Publication date: 2016-01-01
Volume: 2016-June Pages: 265 - 268
ISSN: 978-1-4799-2350-2
Publisher: IEEE

Proceedings ISBI 2016

Author:

Haeck, Tom
Maes, Frederik ; Suetens, Paul

Keywords:

PSI_MIC, Science & Technology, Technology, Life Sciences & Biomedicine, Engineering, Biomedical, Radiology, Nuclear Medicine & Medical Imaging, Engineering, brain tumor, segmentation, unsupervised, level-set, Expectation Maximization, IMAGES, PSI_4021

Abstract:

© 2016 IEEE. We present a fully-automated MRI brain tumor segmentation method that does not require any manually annotated training data.

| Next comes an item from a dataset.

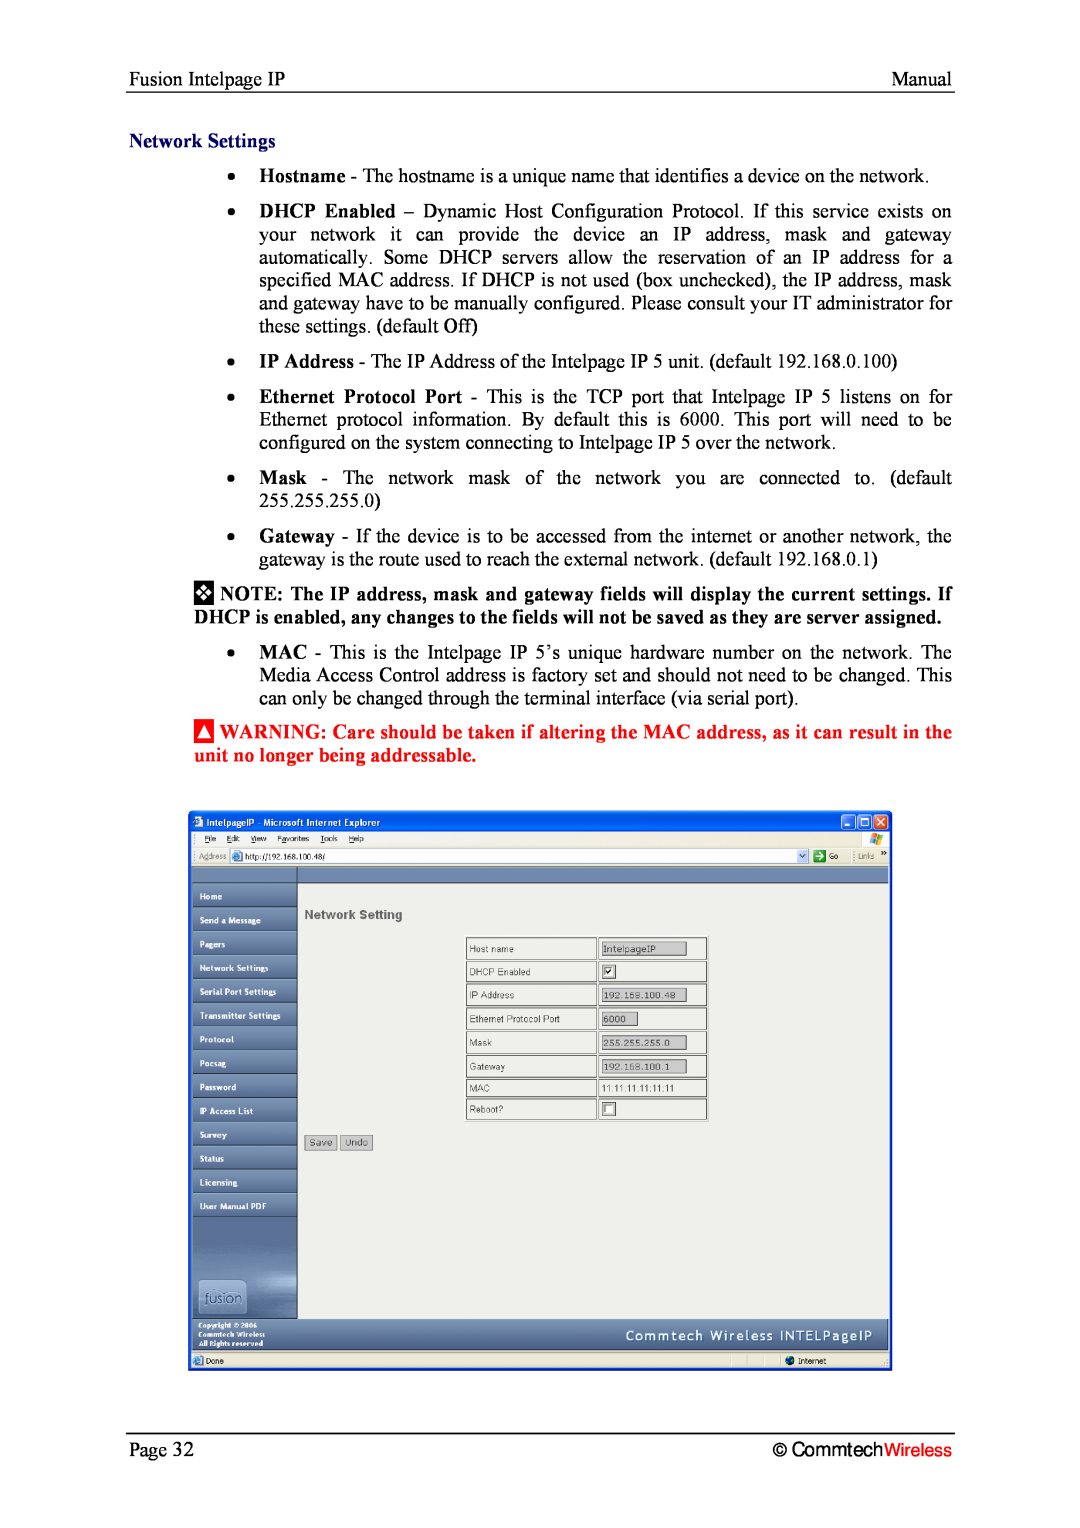 Fusion 2.1, INTELPage IP 5 manual Fusion Intelpage IP, Network Settings, CommtechWireless 
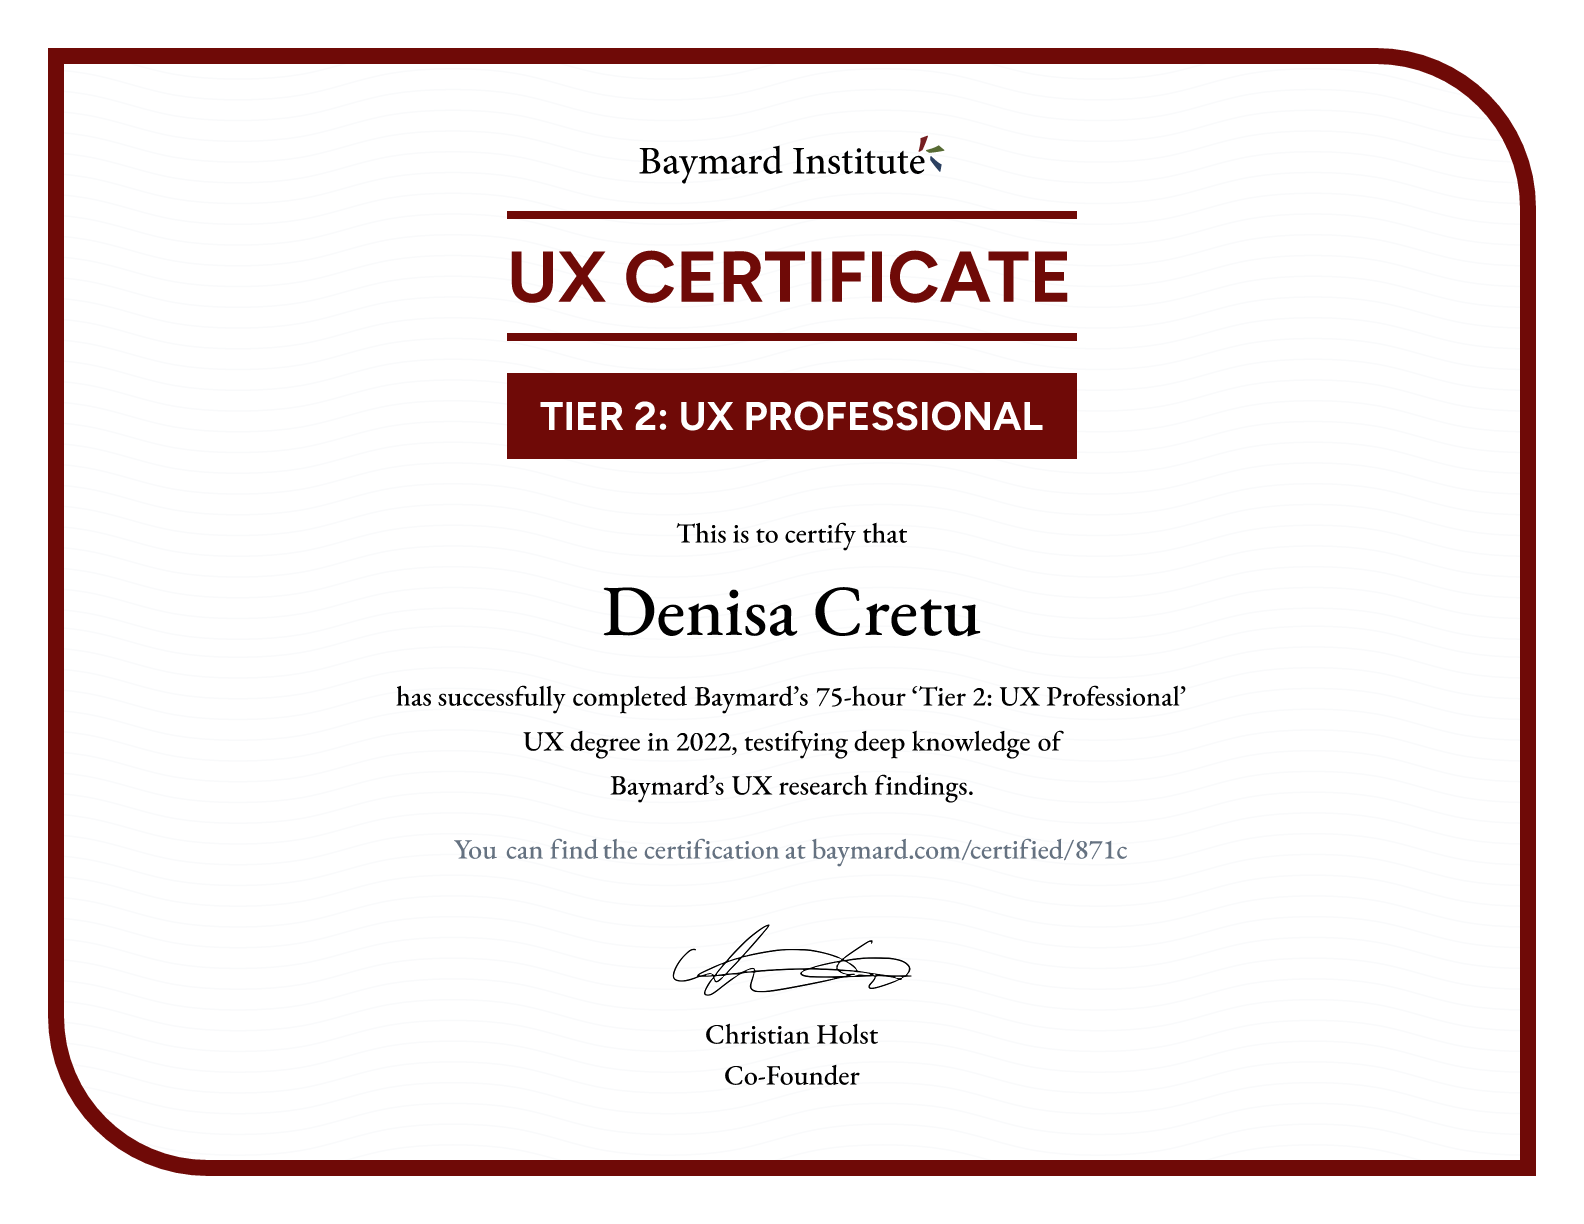 Denisa Cretu’s certificate

The method is independent of the scanner or acquisition protocol and is directly applicable to any individual patient image. An Expectation Maximization-approach is used to estimate intensity models for both normal and tumorous tissue. The segmentation is represented by a level-set that is iteratively updated to label voxels as normal or tumorous, based on which intensity model explains the voxels' intensity the best. The method is compared with the method by Menze et al. [1], which is considered to be a benchmark for unsupervised tumor segmentation. The performance of our method for segmenting the tumor volume is summarized by an average Dice score of 0.87 ± 0.06 on the training data set of the MICCAI BraTS Challenge 2012-2013.